2 Two Algorithms for the 1-DR-\(\alpha \) Problem

2.1 The First Algorithm

We first give the formal definition of the Set Cover with Pairs (SCP) problem.

Definition 3

Let T be a set of t targets. Let V be a set of n elements. For every pair of elements \(P=\{v_1, v_2\} \subseteq V\), C(P) denotes the set of targets covered by P. The Set Cover with Pairs (SCP) problem asks for the smallest subset S of V such that \(\bigcup \limits _{\{v_1, v_2\} \subseteq S}{C(\{v_1, v_2\})}=T\).

Let OPT be the number of elements in the optimal solution. We only need to consider the case where \(t > 1\) and \(OPT > 1\).

Approximating the SCP Problem: Our algorithm is a simple greedy algorithm: in each round, we choose at most two elements u and v that maximize the number of covered targets.

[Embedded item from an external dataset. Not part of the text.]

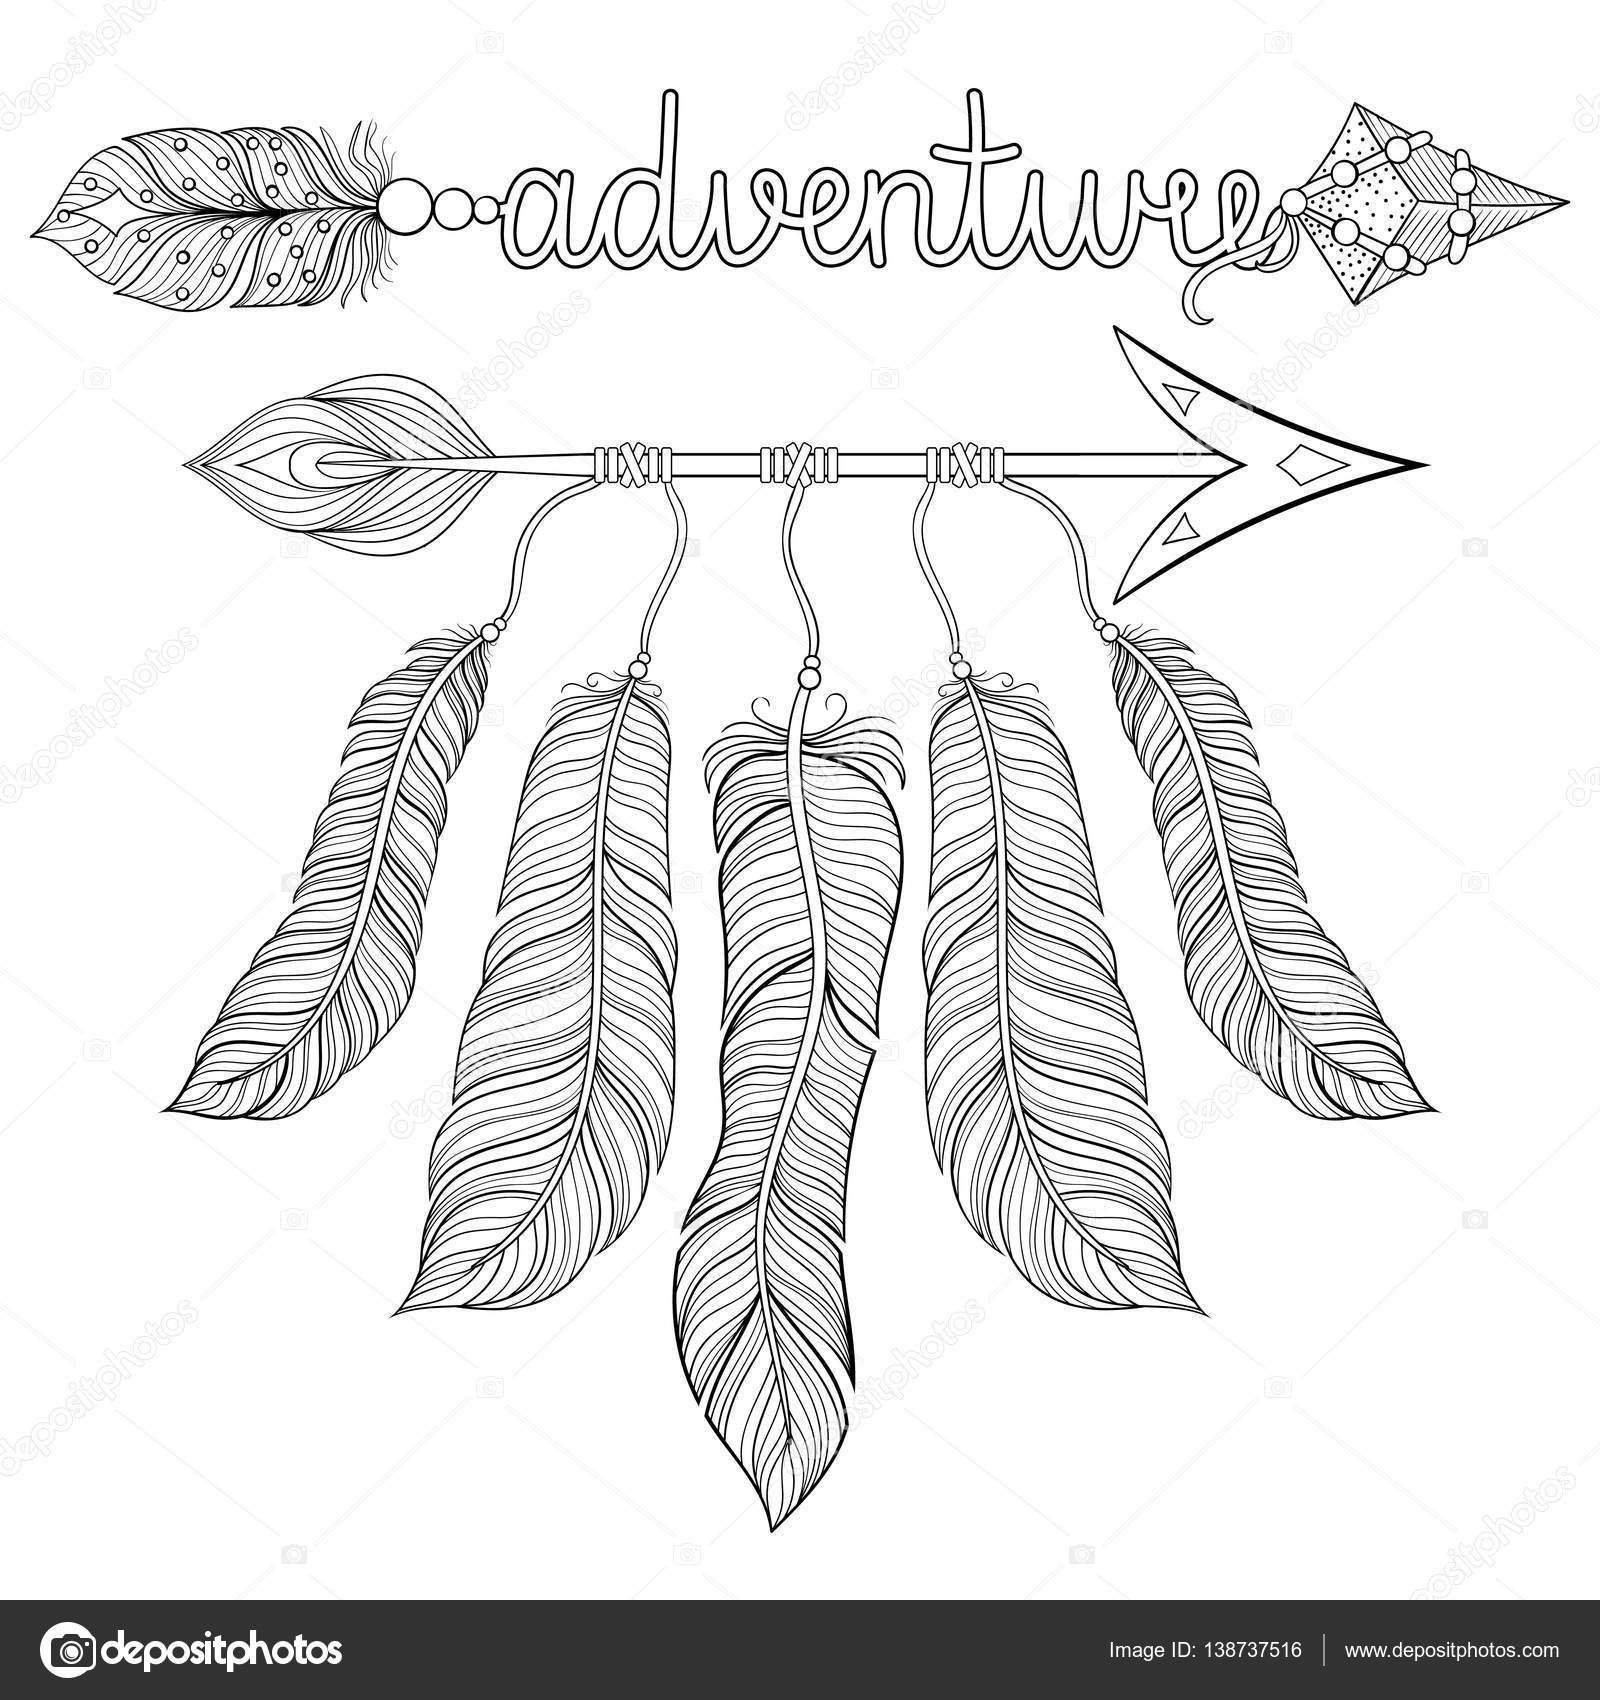 Boho chic ethnic dream Arrow with feathers dreamcatcher adventure lettering Hand drawn American Indian style zentangle illustration for adult coloring

Specifically, S is an empty set initially. In each round, we select a set \(P \subseteq V\setminus S\) such that \(|P| \le 2\) and P increases the number of covered targets the most, i.e., \(P=\mathop {\text {argmax}}\limits _{P': |P'| \le 2, P' \subseteq V \setminus S} {g(P')}\), where

$$g(P') = |\bigcup _{\{v_1,v_2\} \subseteq S \cup P'}{C(\{v_1,v_2\})}| -|\bigcup _{\{v_1,v_2\} \subseteq S}{C(\{v_1,v_2\})}|.$$

We then add P to S and repeat the above process until all the targets are covered. The algorithm terminates once all targets are covered.Footnote 5

Theorem 5

The above algorithm is an \(O(\sqrt{n\log t})\)-approximation algorithm for the SCP problem.

Proof

Let \(R_i\) be the number of uncovered targets after round i. In the first round, some pair of elements in the optimal solution can cover at least \(t/{{OPT}\atopwithdelims (){2}}\) targets. Since we choose a pair of elements greedily in each round, \(R_1 \le t(1-1/{{OPT}\atopwithdelims (){2}})\). In the second round, there exists a pair of elements in the optimal solution that can cover at least \(R_1/{{OPT}\atopwithdelims (){2}}\) targets among the \(R_1\) uncovered targets. Again, we choose the pair of elements that increases the number of covered targets the most. Hence, \(R_2 \le R_1 - R_1/{{OPT}\atopwithdelims (){2}}\le t(1-1/{{OPT}\atopwithdelims (){2}})^2\). In general, \(R_i \le t(1-1/{{OPT}\atopwithdelims (){2}})^i\). After \(r = {{OPT}\atopwithdelims (){2}}\ln t\) rounds, the number of uncovered targets is at most \(t(1-1/{{OPT}\atopwithdelims (){2}})^r \le t(e^{-1/{{OPT}\atopwithdelims (){2}}})^r \le te^{-\ln t} = 1\). Hence, after \(O(OPT^2\ln t)\) rounds, all targets are covered. Let ALG be the number of elements chosen by the algorithm. Since we choose at most two elements in each round, \(ALG = O(OPT^2\ln t)\). Finally, since \(ALG \le n\), \(ALG = O(\sqrt{n \cdot OPT^2\ln t}) = O(\sqrt{n\ln t})OPT\).    \(\square \)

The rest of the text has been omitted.